My $200 Mistake

So I have gone on and on about our financial goals and our Dave Ramsey progress. We have big financial goals, and we stick to a strict budget to help meet those.

However, we are also human. And one of the difficult parts of being human? We can be materialistic. And want things, even if they’re ridiculously expensive and not any sort of “need”.

I have been obsessed with getting my hands on a Savage Swim swimsuit for awhile now. I have worked really hard on my fitness journey this last year, and I thought this summer I might take the leap and set some money aside to splurge a little. These suits are supposed to be really high-quality, and they have some killer designs and colors, PLUS they’re reversible, so I figured I could wear it for a few summers.

But I am also still incredibly cheap. It’s just in my blood I think (thanks, Mom). I pretty much only buy things on sale, and Savage really doesn’t run many sales because their suits are all hand-sewn and custom made. So I started looking at second-hand options, including Ebay and Poshmark. I passed a couple suits up and immediately regretted it, and Keaton kept telling me to JUST BUY THE DANG SUIT.  I literally stalked the pages all hours of the day when I thought about it, to see if something popped up in my size.

Then, one day while I was sleeping after work, I got up to go to the bathroom and checked my Poshmark app (don’t judge me, I was really being THAT obsessive, but the cute ones sold quick!). Turns out, at that exact moment (not joking), someone was uploading several different Savage pieces. I quickly put in offers on a couple, and messaged the seller about a bundle discount.

When I woke up later that afternoon, the seller had messaged back and said she wasn’t going lower on any of her Savage pieces. So I went ahead and bought my two favorites and went to work, excited about my new purchase.

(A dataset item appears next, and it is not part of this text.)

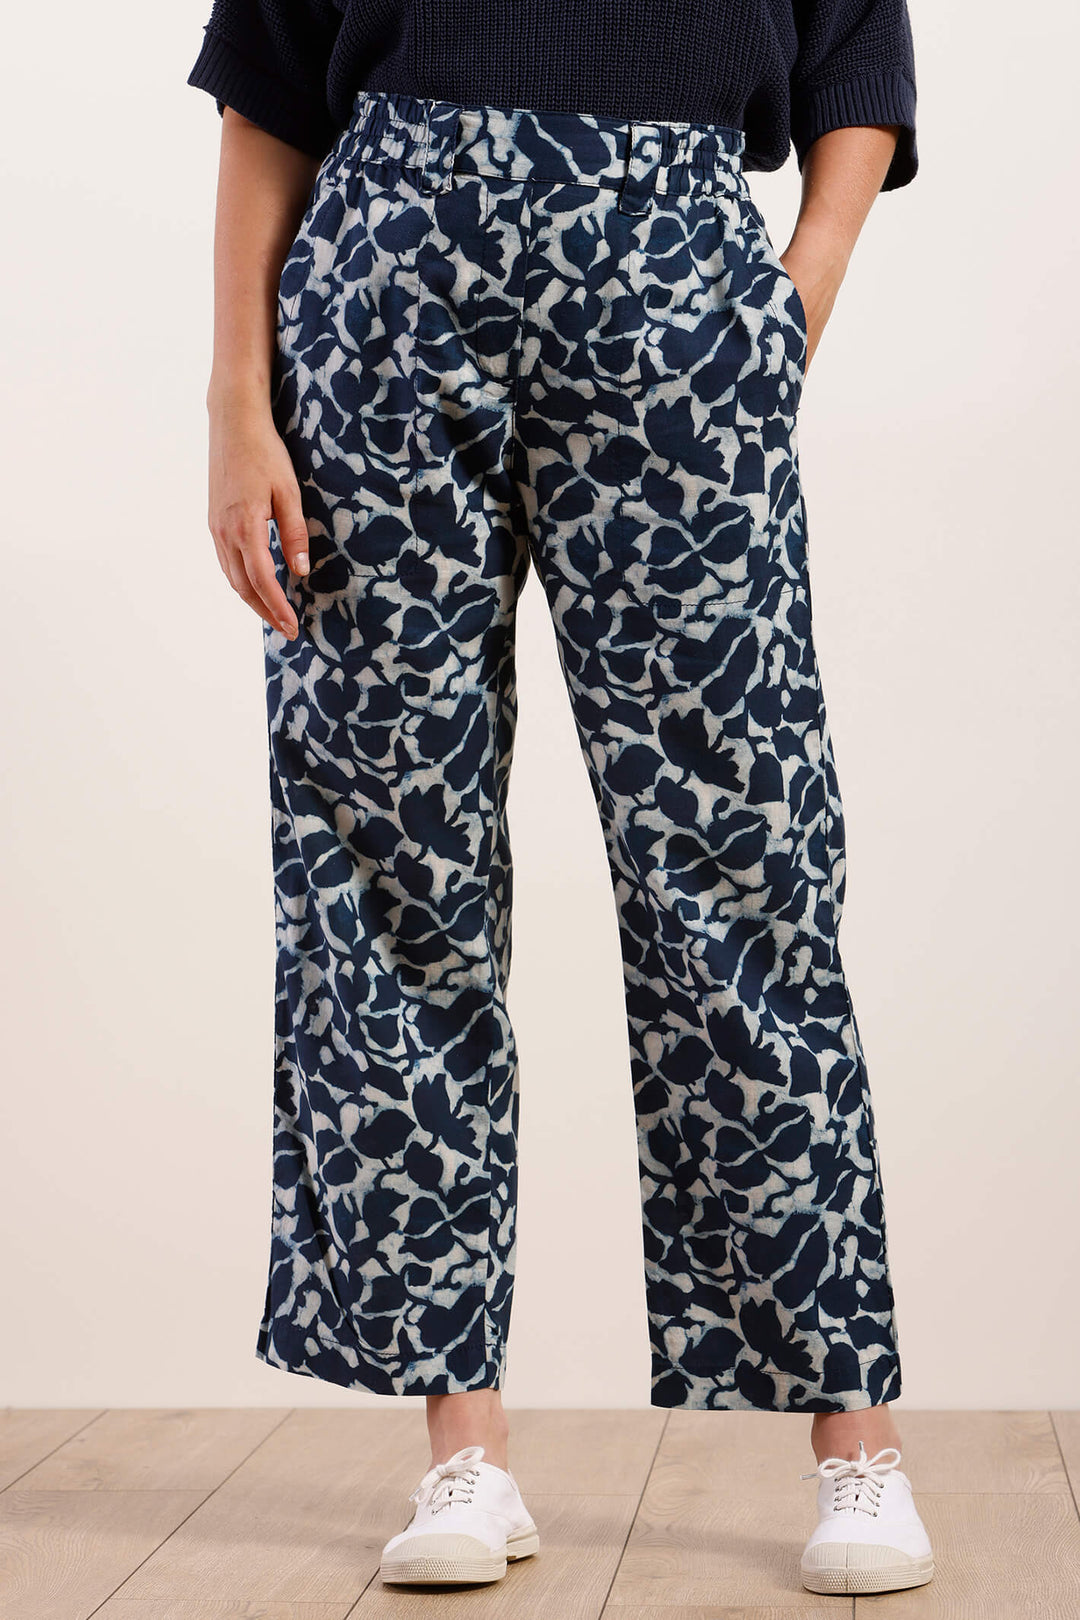 Mat De Misaine 10244 Polder Indigo Blue Print Trousers - Shirley Allum Boutique
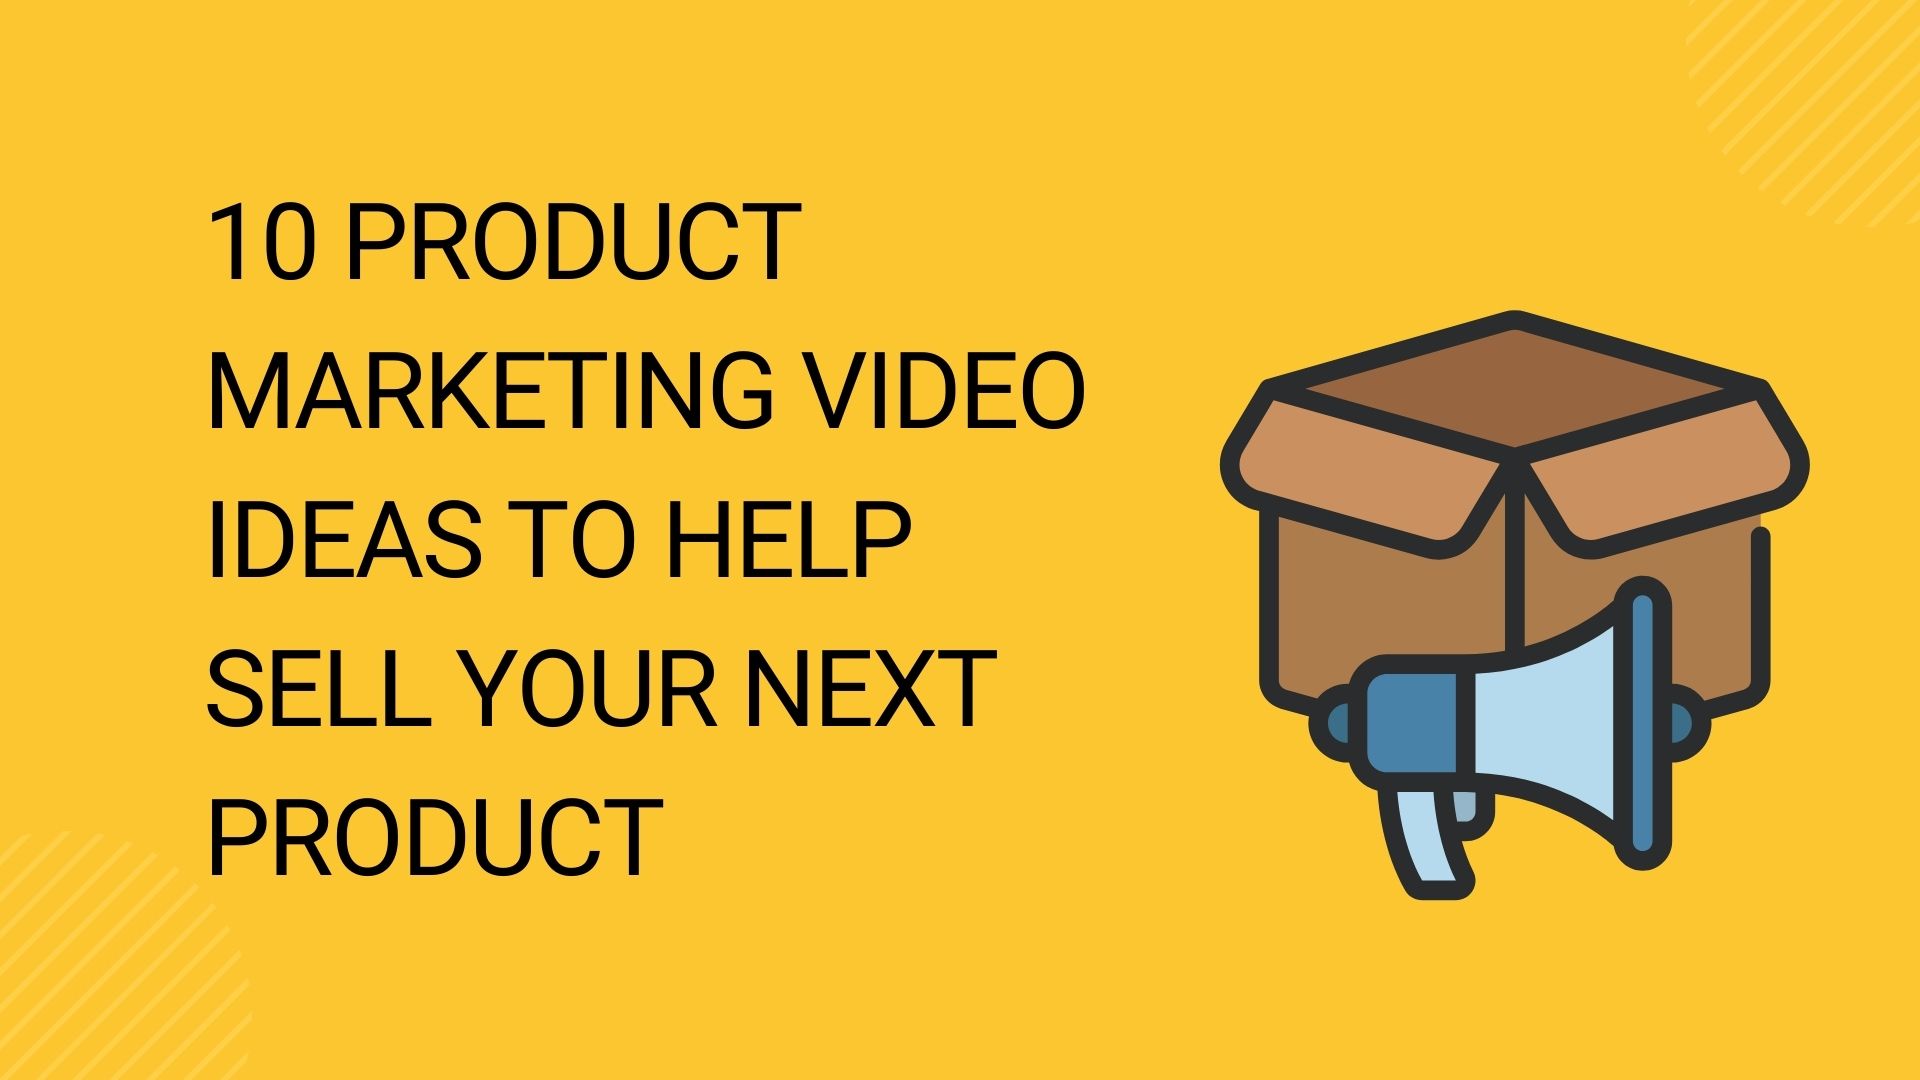 Product Marketing Video Ideas

The next afternoon I got up and checked my app to see if she had shipped my suits. To my horror, I realized the seller had gone back and accepted all three of my other offers in addition to the suit I had purchased outright. Turns out, on Poshmark, if you make an offer you may as well sign in blood. My heart dropped. Three tops and two bottoms totaled $209.

TWO HUNDRED DOLLARS. Not a ton, by any means, but for someone who NEVER shops, I couldn’t help but think of all the other clothes/shoes/etc I would rather spend $200 on.

I kept this secret for 2 days. I kind of feel like the Budget Nazi around our house, so I was mortified to tell Keaton what I had done. While the first suit purchase of $70 was no big deal, I wasn’t sure where we were going to have to pull the other $130 from. Keaton actually laughed at me a little when I told him. I probably looked like someone getting ready to confess a triple homicide, that’s how guilty I felt.

Long story short, I got all my pieces in the mail a week later. Two actually didn’t fit, so I was able to sell them on a swap shop for $100 and recoup almost half my mistake. We have enough cushion in our finances to not starve after a $200 mistake, but being as goal-oriented as I am, it was frustrating to have to mess up my budget masterpiece to offset a dumb mistake on my part.

I guess the moral of the story is, setbacks happen. Whether it’s something we can (or can’t) control, or just a moment of weakness (or perhaps a good ole blond moment), we can only take these setbacks as they come, and move forward with them. Luckily, we are good with our money 95% of the time, so when we make mistakes or unplanned purchases the other 5%, we can recoup and still move forward in our financial goals.